### Input data
::::::

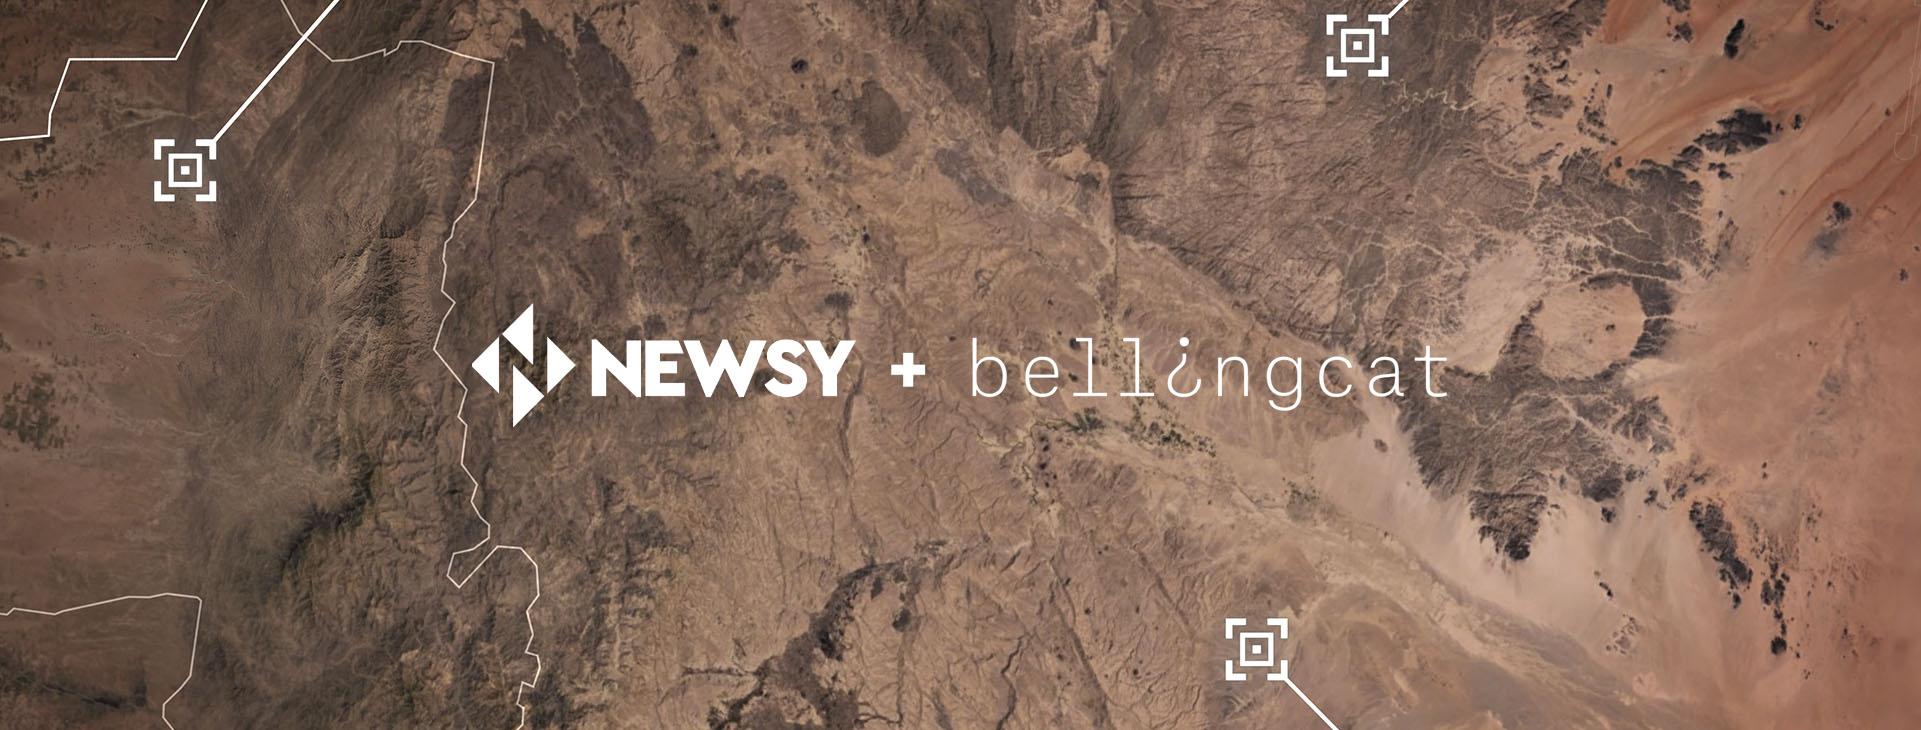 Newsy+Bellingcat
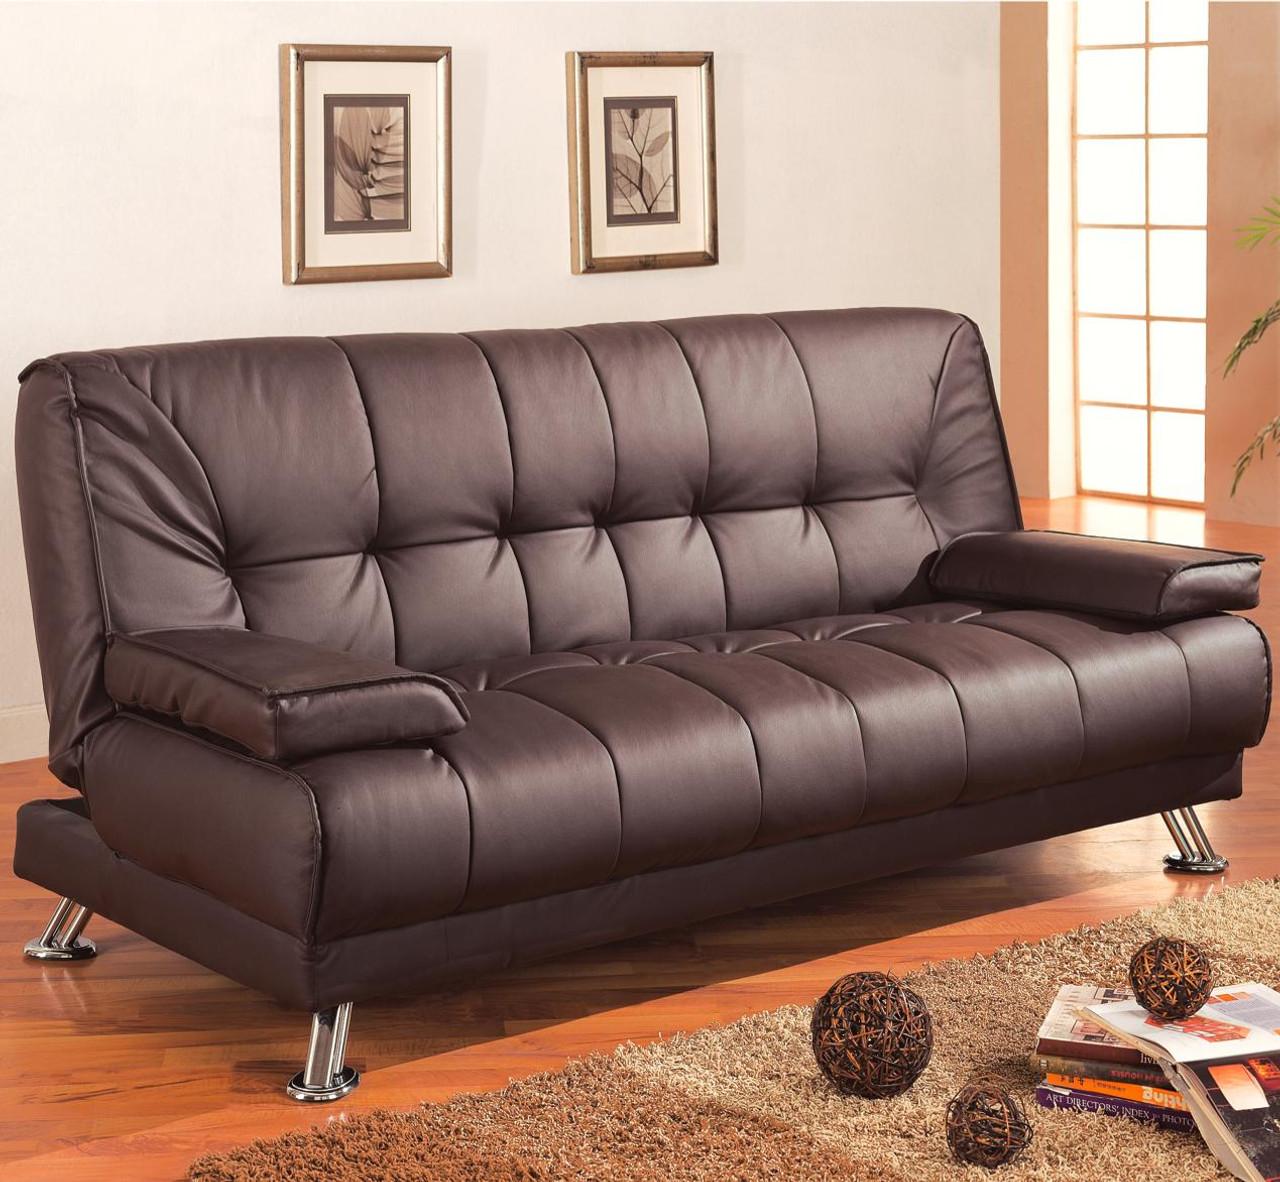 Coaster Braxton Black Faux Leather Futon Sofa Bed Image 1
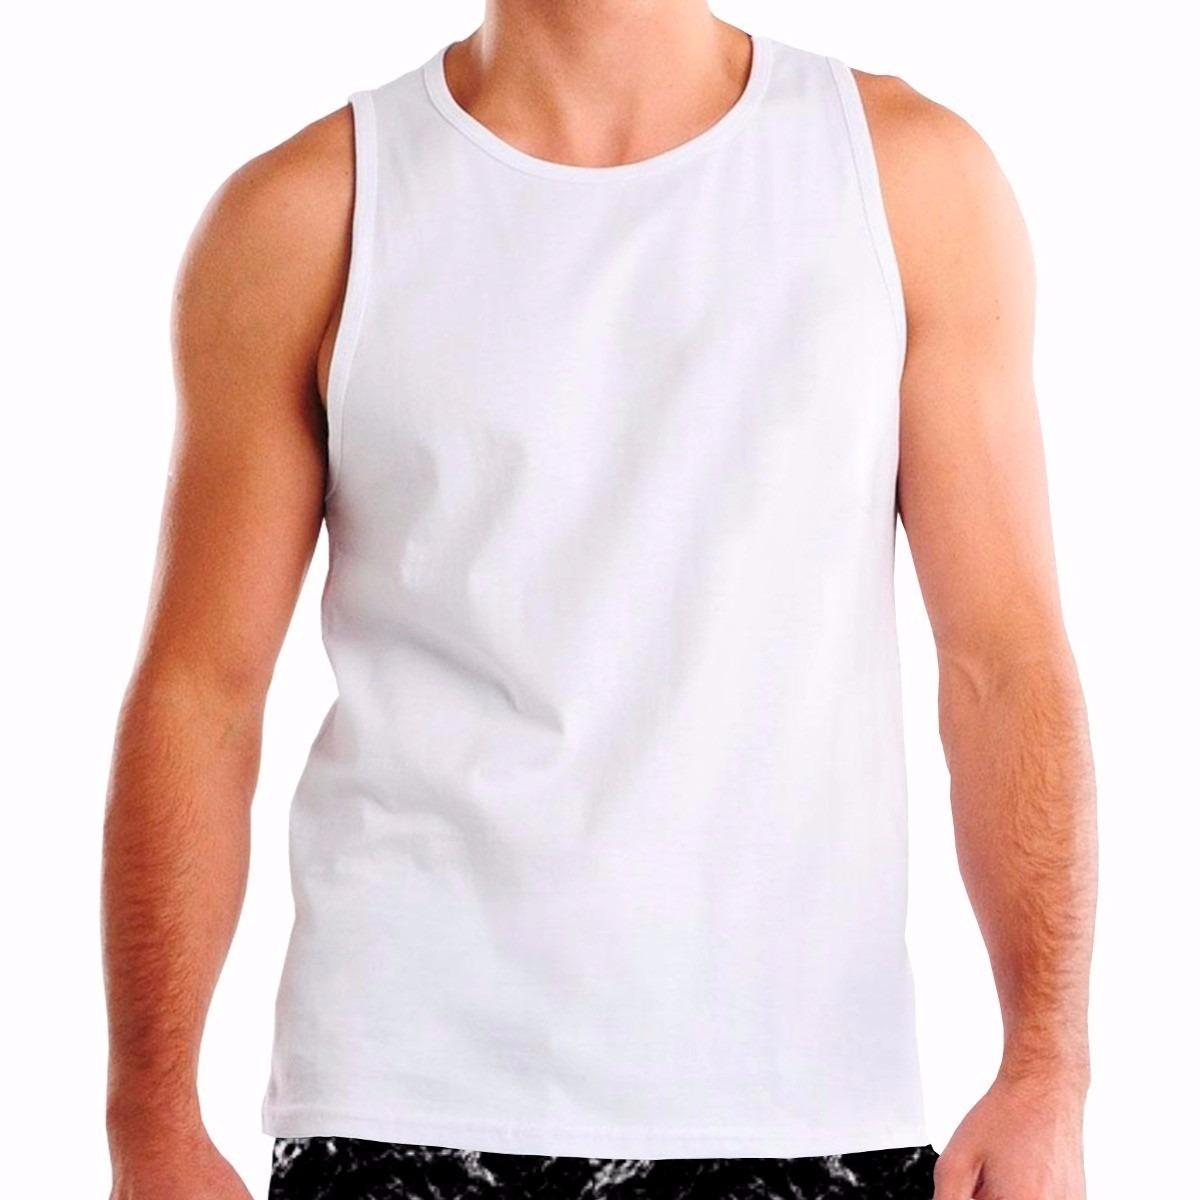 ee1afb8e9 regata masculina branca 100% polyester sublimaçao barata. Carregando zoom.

::::::

### Work task
Each line from the line containing "Coaster Braxton Black" through the last line above must be written out exactly, and every picture must be omitted.

### Worked solution
 Coaster Braxton Black Faux Leather Futon Sofa Bed Image 1
 ee1afb8e9 regata masculina branca 100% polyester sublimaçao barata. Carregando zoom.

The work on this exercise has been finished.